How to complete this task
From the line below containing "Wind- and waterproof jacket" to the final line, print each line exactly as written. No pictures belong in the copy.

[Supplied information Boundary: Start]

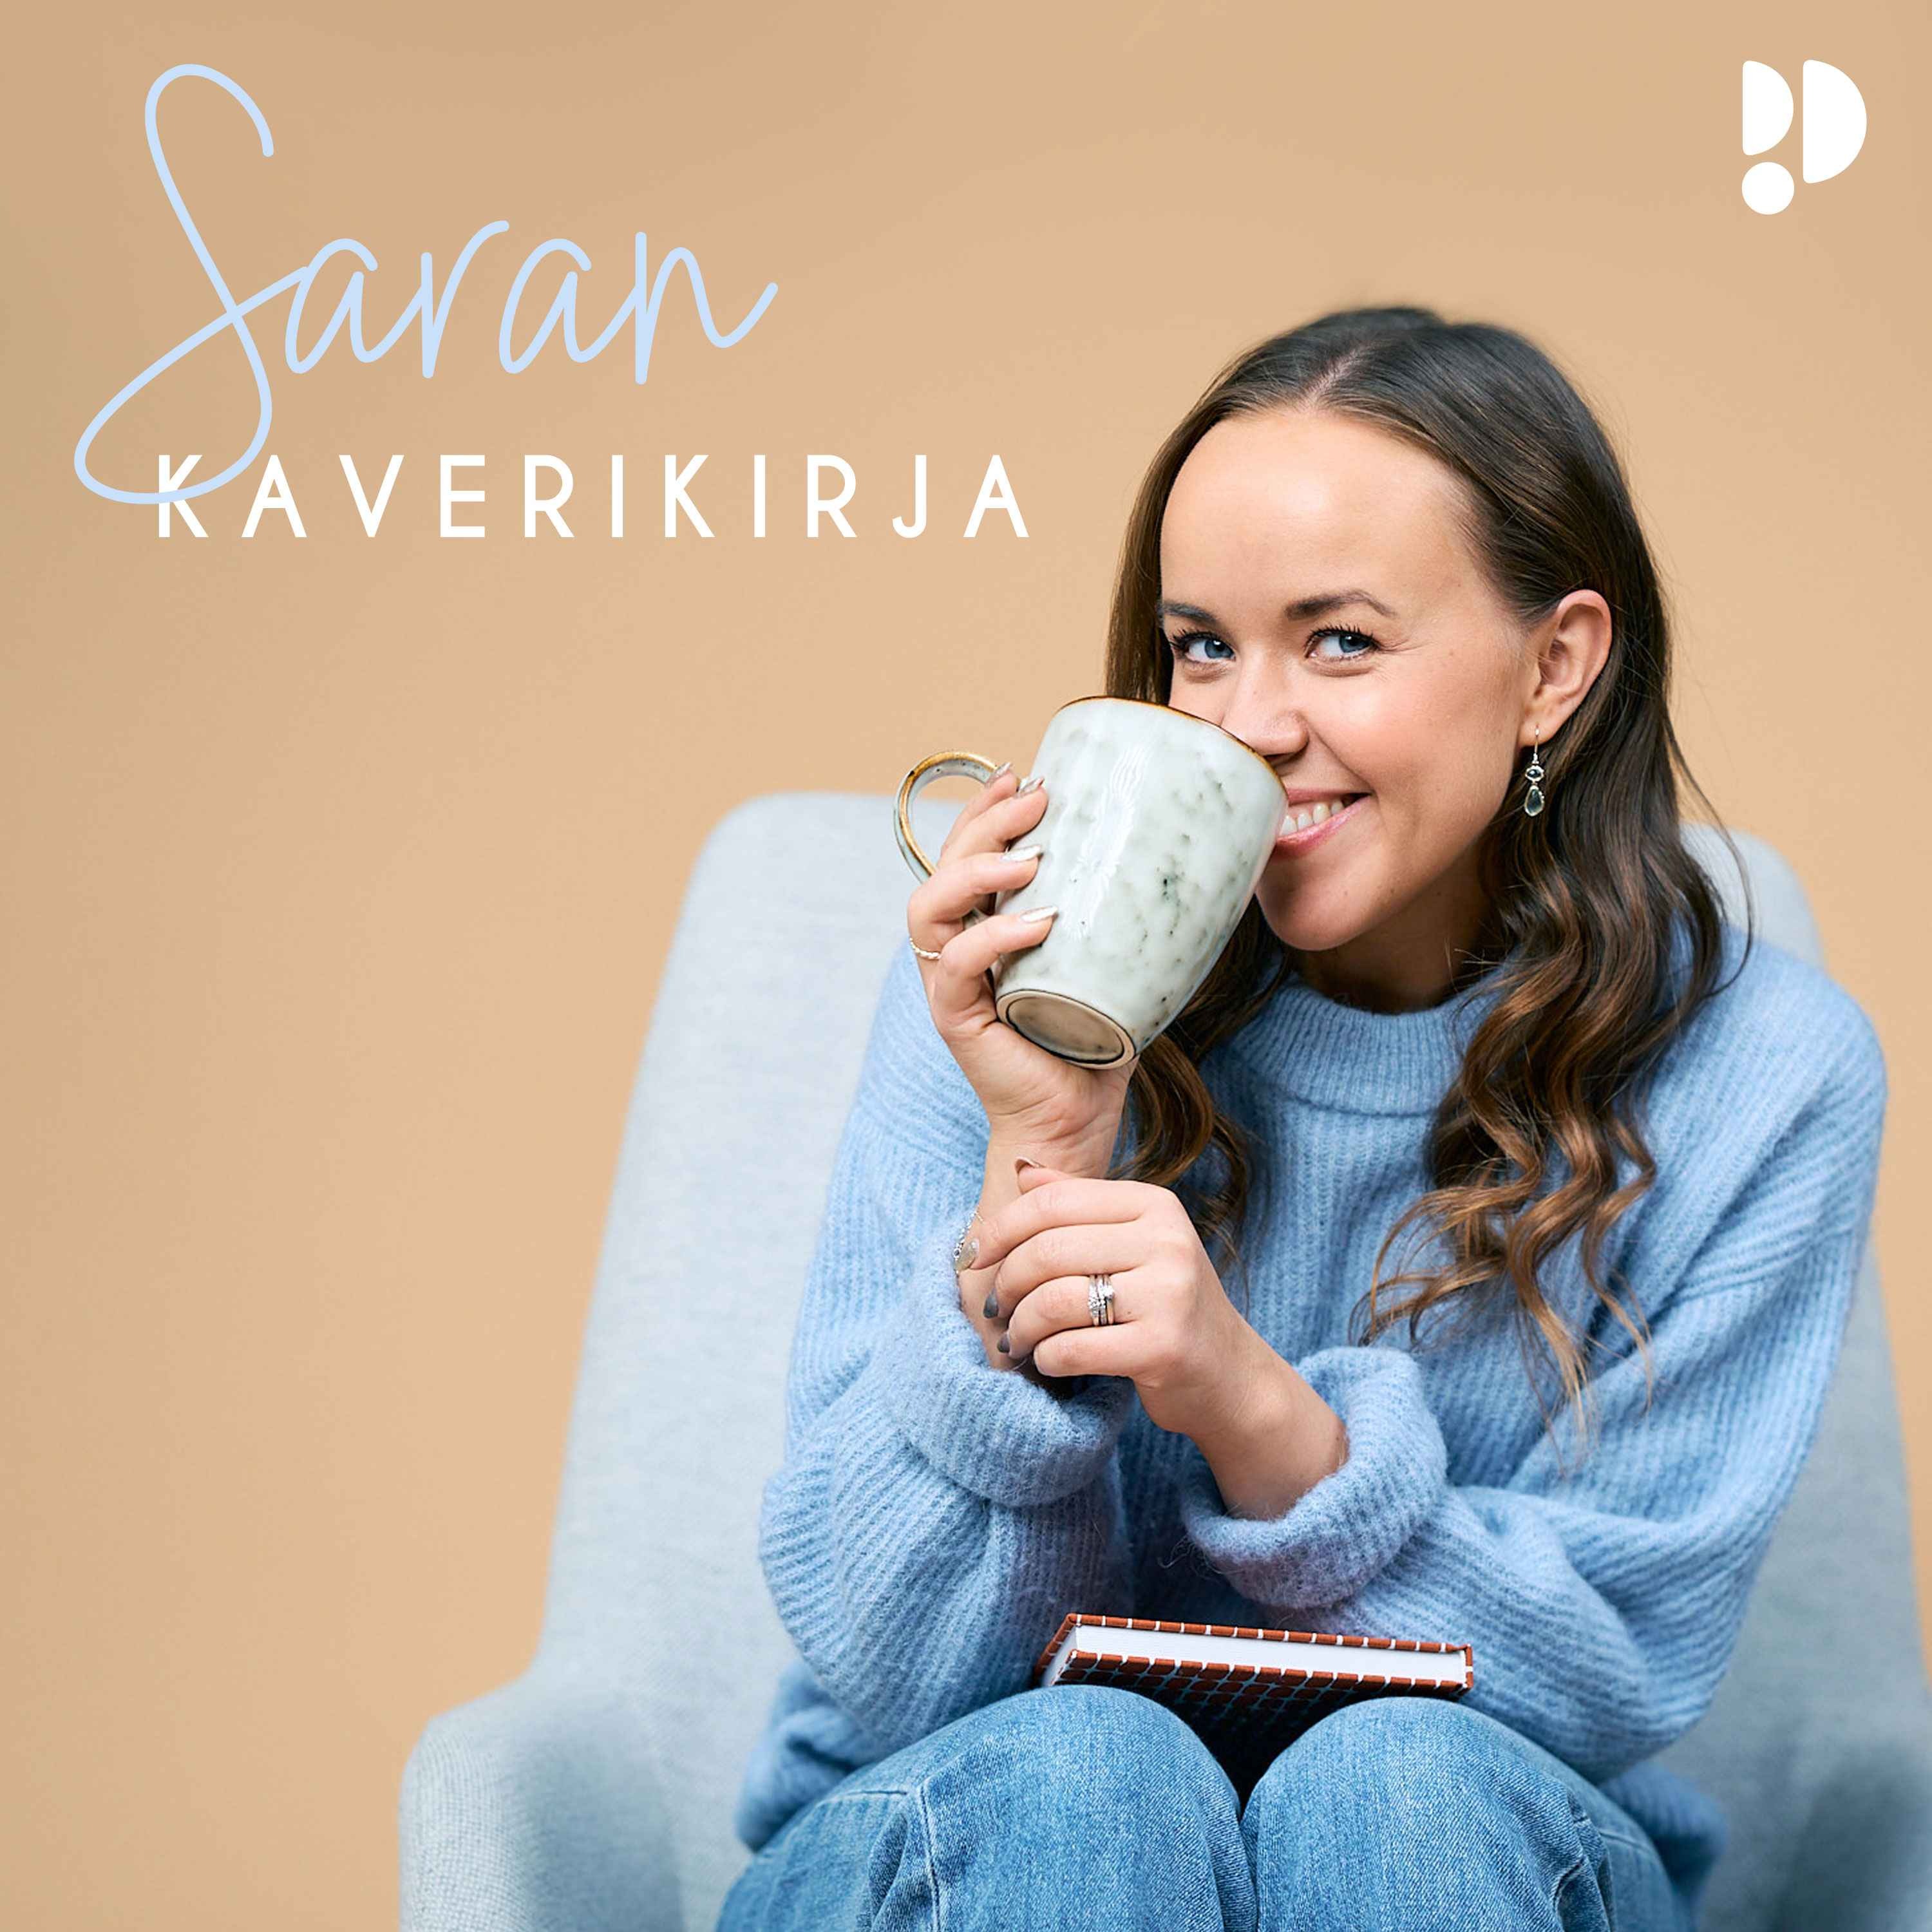 cover art for Saran kaverikirja starttaa ystävänpäivänä 14.2
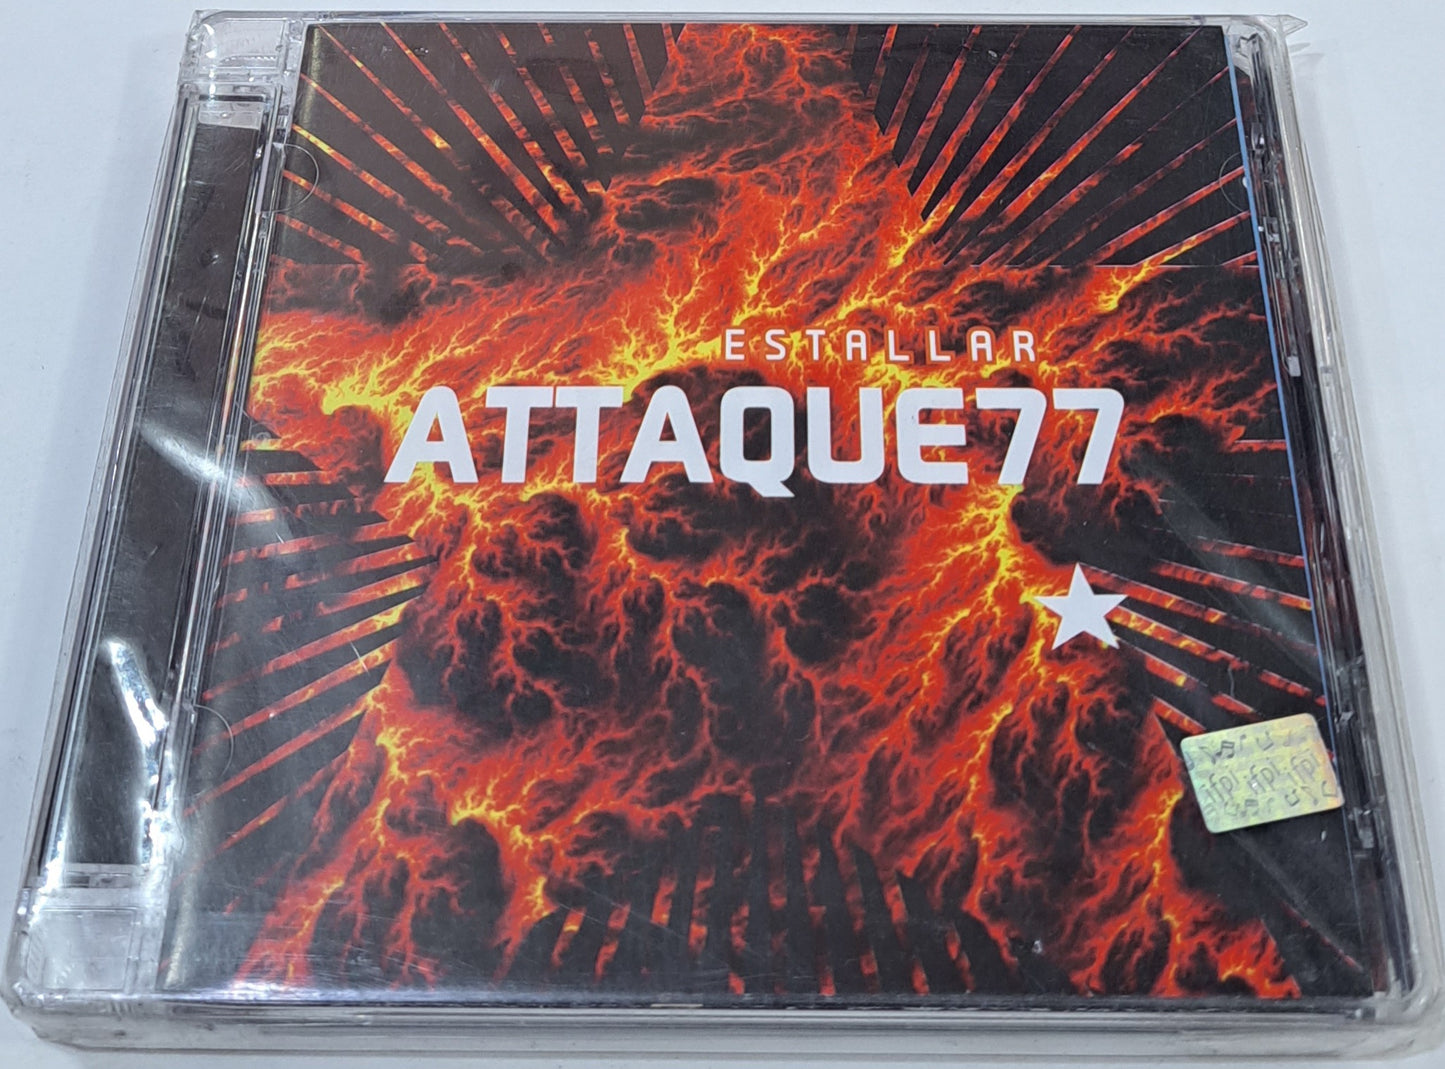 ATTAQUE 77 - ESTALLAR CD
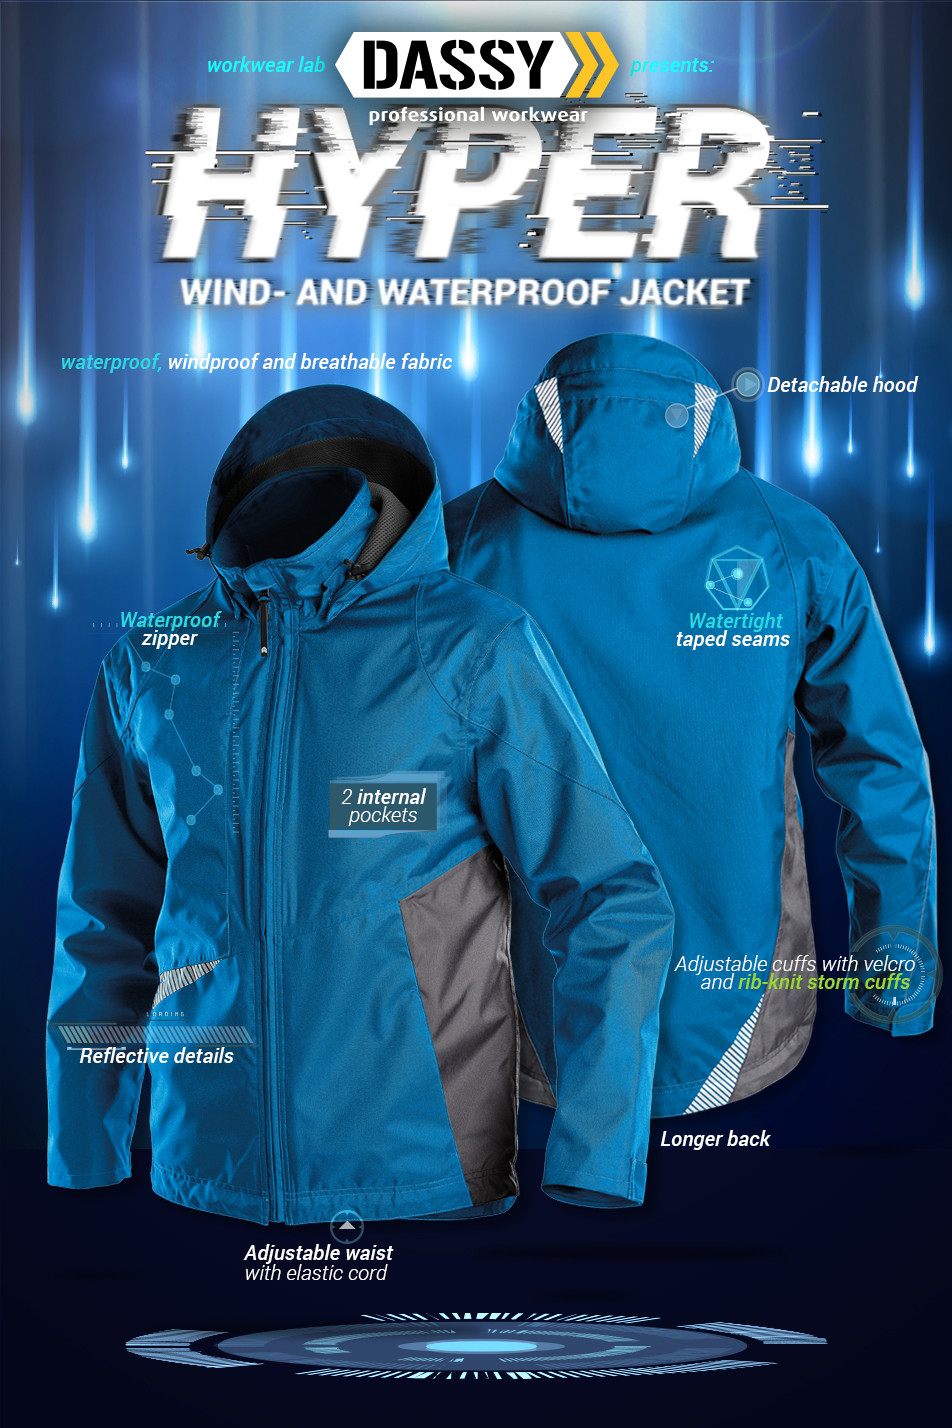 Wind- and waterproof jacket 
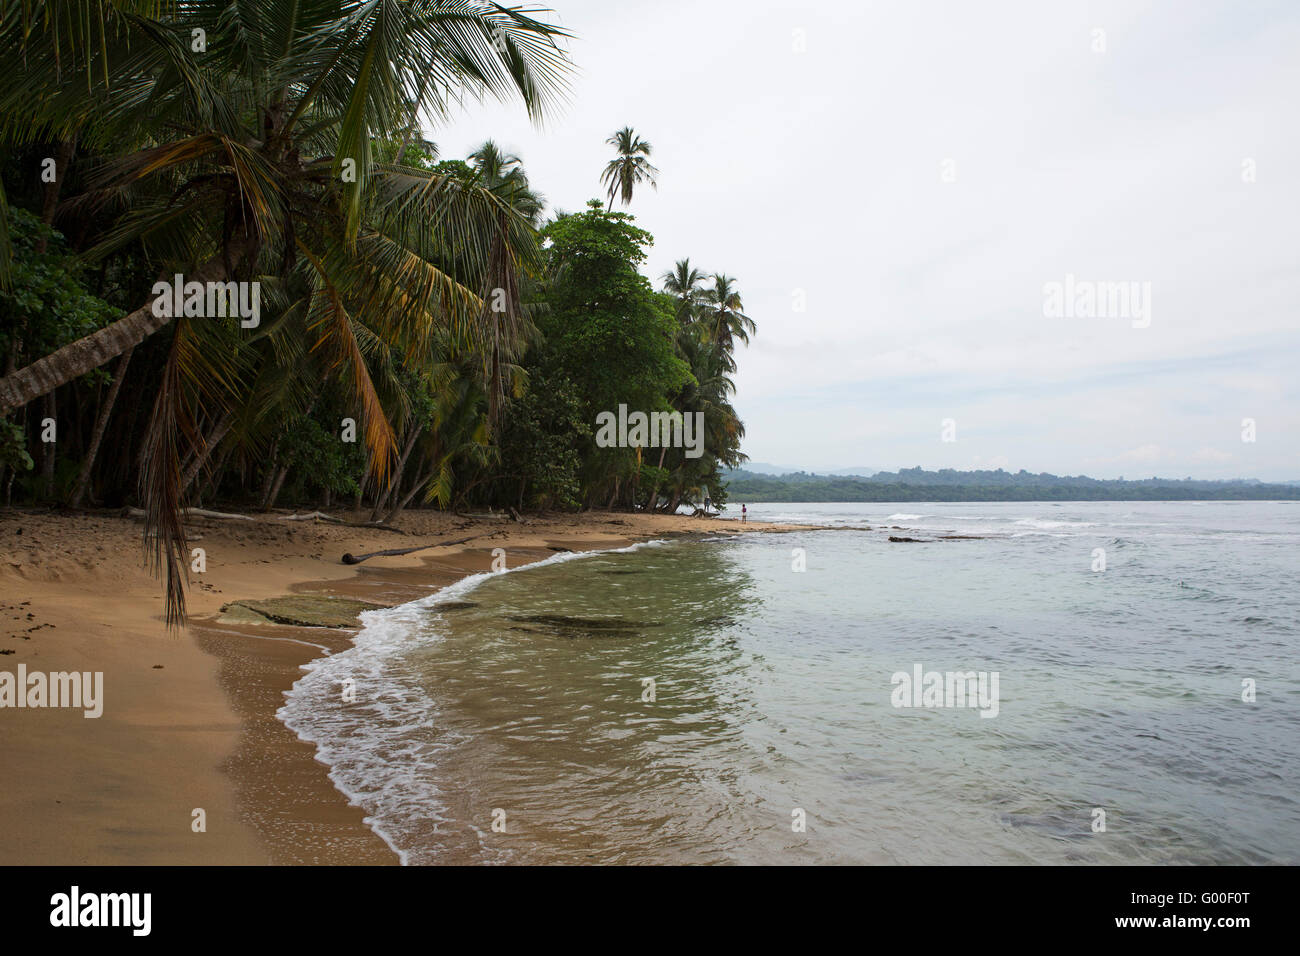 La mer des Caraïbes Tours Manzanillo plage de Costa Rica. La plage se trouve à proximité de Puerto Viejo de Limon Province du pays. Banque D'Images

[Supplied information Boundary: End]

Answer box
 Wind- and waterproof jacket 
 La mer des Caraïbes Tours Manzanillo plage de Costa Rica. La plage se trouve à proximité de Puerto Viejo de Limon Province du pays. Banque D'Images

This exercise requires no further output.